Installation#
Note
We recommend installing into a virtual environment, which is an isolated Python environment that allows you to install packages without admin privileges.
Install the official release#
pydicom, being a Python library, requires Python. If you’re not sure whether or not your version of Python is supported, check this table.
Install using pip#
pydicom is available on PyPI, the official third-party Python software repository. The simplest way to install the latest version from PyPI is using pip with the command:
python -m pip install -U pydicom
You can also perform an offline installation by
downloading and installing
one of the release *.whl
files. For example, with the v3.0 release:
pip install pydicom-3.0.0-py3-none-any.whl
Install using conda#
pydicom is also available for conda at conda-forge:
conda install -c conda-forge pydicom
Additional type hints#
The default pydicom type hinting doesn’t cover standard element keywords accessed
through Dataset
:
# foo.py
from pydicom import Dataset
ds = Dataset()
ds.PatientName = 1234
$ mypy foo.py
Success: no issues found in 1 source file
To add extra type hints for these attributes you can install the types-pydicom package:
python -m pip install -U types-pydicom
$ mypy foo.py
foo.py:5: error: Incompatible types in assignment (expression has type "int", variable has type "str | PersonName | None") [assignment]
Found 1 error in 1 file (checked 1 source file)
Install the optional libraries#
If you’re going to be manipulating pixel data then NumPy is required.
Using pip:
python -m pip install -U numpy
Through conda:
conda install numpy
To decode JPEG compressed pixel data one or more additional libraries will need to be installed. See this page for a list of which library is needed to handle a given JPEG format, as specified by the dataset’s (0002,0010) Transfer Syntax UID value.
Installing Pillow#
Pillow is a popular Python imaging library that can handle the decompression of some JPEG and JPEG 2000 images.

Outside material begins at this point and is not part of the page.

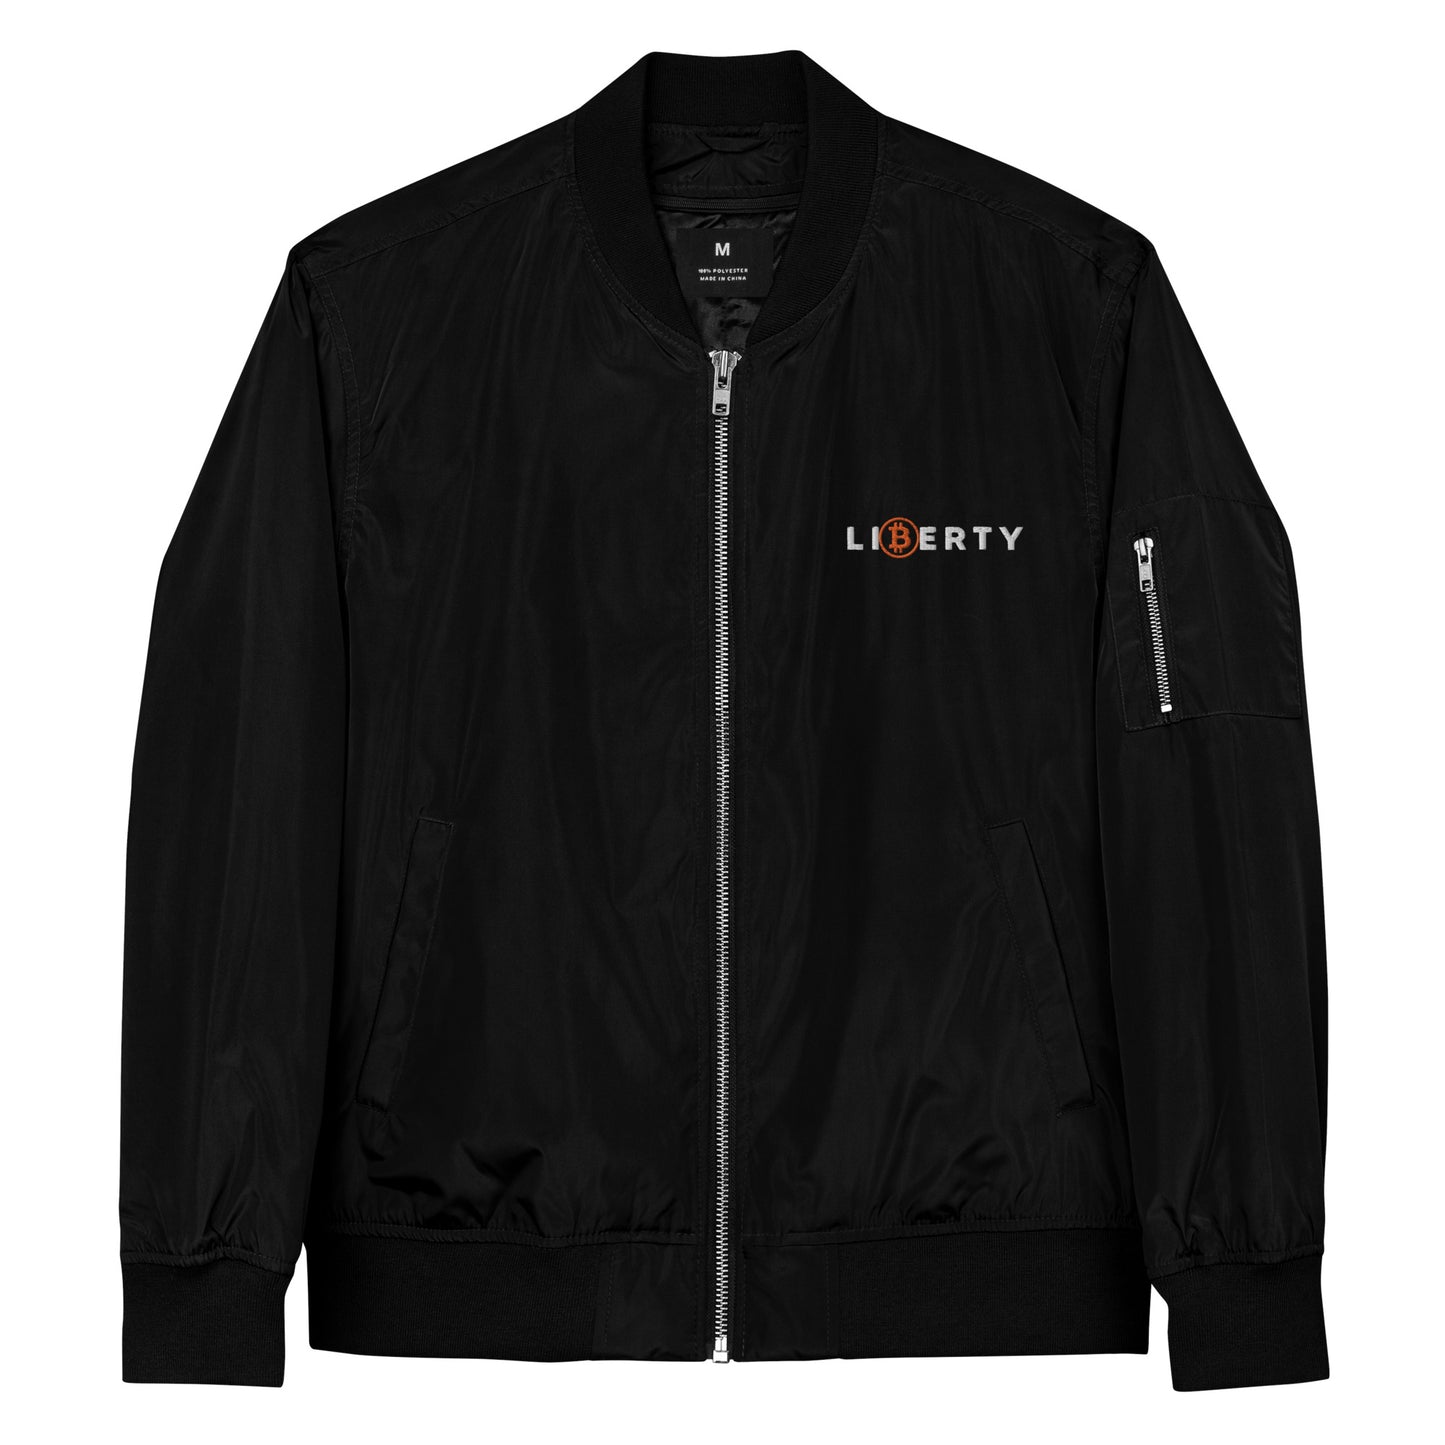 Liberty Premium recycled bomber jacket

Using pip; you may need to make sure that the libjpeg (for JPEG) and openjpeg (for JPEG 2000) libraries are installed beforehand:
python -m pip install -U pillow
Through conda:
conda install -c conda-forge openjpeg jpeg
conda install pillow
Installing pyjpegls#
pyjpegls is a Python interface to the CharLS C++ library and can decompress JPEG-LS images. It is a fork of CharPyLS created to provide compatibility with the latest Python versions.
Using pip:
python -m pip install -U pyjpegls
Through conda:
conda install cython
python -m pip install git+https://github.com/pydicom/pyjpegls
Installing GDCM#
GDCM is a C++ library for working with DICOM datasets that can decompress JPEG, JPEG-LS and JPEG 2000 images.
The wheels on PyPI are built by the python-gdcm project for current versions of Python on Windows, MacOS and Linux, and can be installed using pip:
python -m pip install -U python-gdcm
The wheels available through conda-forge tend to be older versions and not as well supported. They’re available on conda using:
conda install gdcm -c conda-forge
Installing pylibjpeg#
pylibjpeg is a Python framework for decompressing JPEG, JPEG-LS, JPEG 2000 images and compressing or decompressing RLE images provided a suitable plugin is installed.
Using pip:
python -m pip install -U pylibjpeg[all]
Install the development version#
To install a snapshot of the latest code (the main
branch) from
GitHub:
pip install git+https://github.com/pydicom/pydicom
The main
branch is under active development and while it is usually
stable, it may have undocumented changes or bugs.
If you want to keep up-to-date with the latest code, make sure you have
Git installed and then clone the main
branch (this will create a pydicom
directory in your current directory):
git clone --depth=1 https://github.com/pydicom/pydicom.git
Then install using pip in editable (-e
) mode:
pip install -e pydicom/
When you want to update your copy of the source code, run git pull
from
within the pydicom
directory and Git will download and apply any changes.